This means you end up writing boilerplate code that other languages handle automatically:
var stateStrings = map[TrainState]string{
Unknown: "UNKNOWN",
AtStation: "AT_STATION",
AtPlatform: "AT_PLATFORM",
Between: "BETWEEN",
Approaching: "APPROACHING",
Left: "LEFT",
Departed: "DEPARTED",
}
func (s TrainState) String() string {
if str, ok := stateStrings[s]; ok {
return str
}
return fmt.Sprintf("INVALID_STATE(%d)", s)
}The tradeoff is simplicity - Go's creators argue that this approach is more straightforward and requires less compiler magic. But coming from TypeScript where enums are proper types with built-in validation and utilities, this feels like unnecessary manual work.
Tracking Train States
The real magic happens in DetectState, which parses TfL's text descriptions:
func DetectState(location string) TrainState {
switch {
case strings.HasPrefix(location, "At "):
return AtStation
case strings.HasPrefix(location, "Between "):
return Between
case strings.HasPrefix(location, "Approaching "):
return Approaching
// ... and so on
default:
return Unknown
}
}The result is a clean, minimal representation of each train:
{
"223": {
"Location": {
"StationID": "Warren Street Underground Station",
"IsBetween": false,
"PrevStationID": "",
"State": "AT_STATION"
},
"Direction": "Walthamstow Central",
"TimeToNext": 33
}
}This transformation taught me several Go concepts:
- Struct tags for JSON mapping
- Custom type definitions
- Go's time.Time handling
- The power of selective data modeling
Most importantly, it showed how Go's type system can help transform complex API responses into clean, usable data structures perfect for my needs.
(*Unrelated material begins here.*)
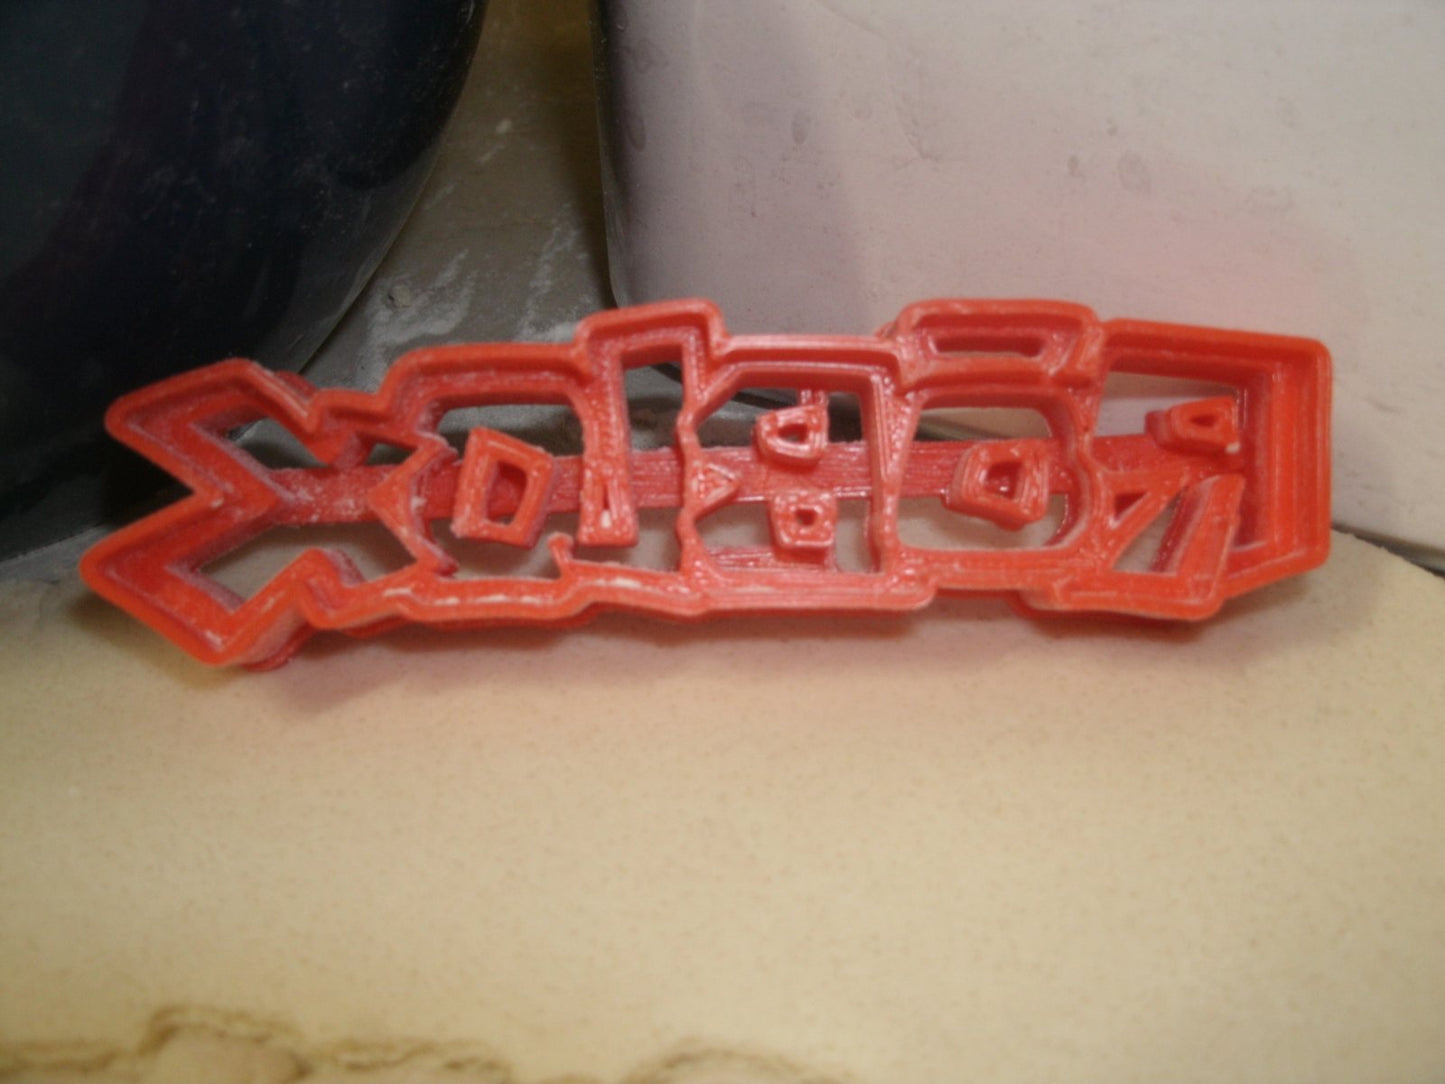 Roblox Letters Online Video Game Cookie Cutter Made in USA PR726
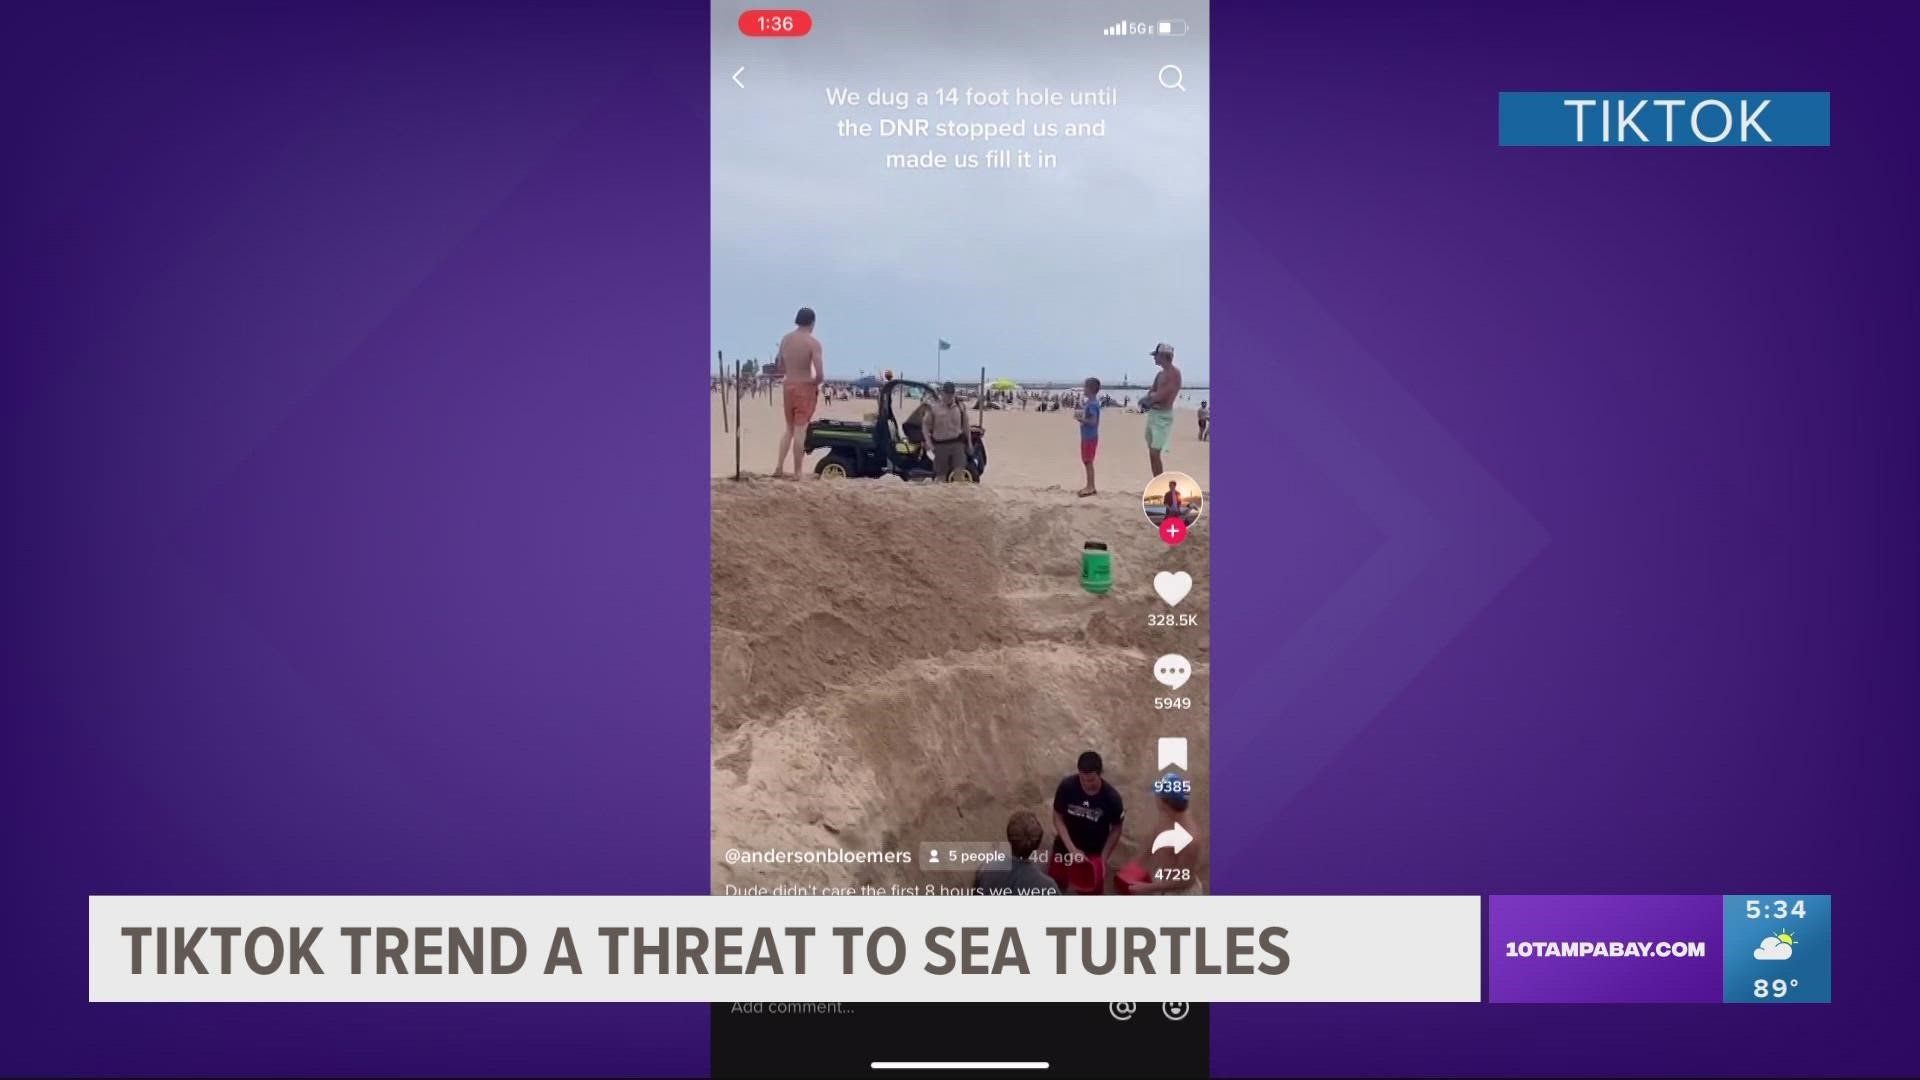 The 'beach hole digging trend' is gaining popularity. And it's happening smack dab in the middle of turtle nesting season.

Each endpoint taught me something new:
- /api/victoria: Basic HTTP handling and JSON marshaling
- /api/trains: Working with custom types and data processing
- /ws: WebSocket management and concurrent connections
Concurrent Polling
func (p _Poller) Start(ctx context.Context) {
ticker := time.NewTicker(6 _ time.Second)
defer ticker.Stop()
// Do an initial poll immediately
p.poll()
for {
select {
case <-ctx.Done():
return
case <-ticker.C:
p.poll()
}
}
}This little piece of code taught me about:
- Goroutines
- Channels
- Context management
- Timers
- Graceful shutdown
WebSocket Broadcasting: A Tale of Concurrency
My first attempt at the WebSocket hub was delightfully naive:
type Hub struct {
clients map[*Client]bool
poller *Poller
}
func (h *Hub) broadcastTrains() {
trains := h.poller.GetTrains()
data, err := json.Marshal(trains)
if err != nil {
log.Printf("Error marshaling trains: %v", err)
return
}
for client := range h.clients {
// Send updates to each client
client.send <- data
}
}This worked perfectly... until it didn't. Even with just the Victoria line, the first time two browsers connected simultaneously, I got the dreaded:
panic: concurrent map iteration and map writeWhat happened? While my broadcastTrains function was iterating over the clients map, another goroutine tried to add or remove a client. Maps in Go aren't thread-safe, and I had concurrent access from:
- The broadcast loop reading from the map
- The connection handler adding new clients
- The disconnect handler removing clients
This was my first introduction to the concept of Mutexes, a common approach to handling the readers-writers problem. As Javascript is a single-threaded language with an event loop, I'd never encountered this problem before!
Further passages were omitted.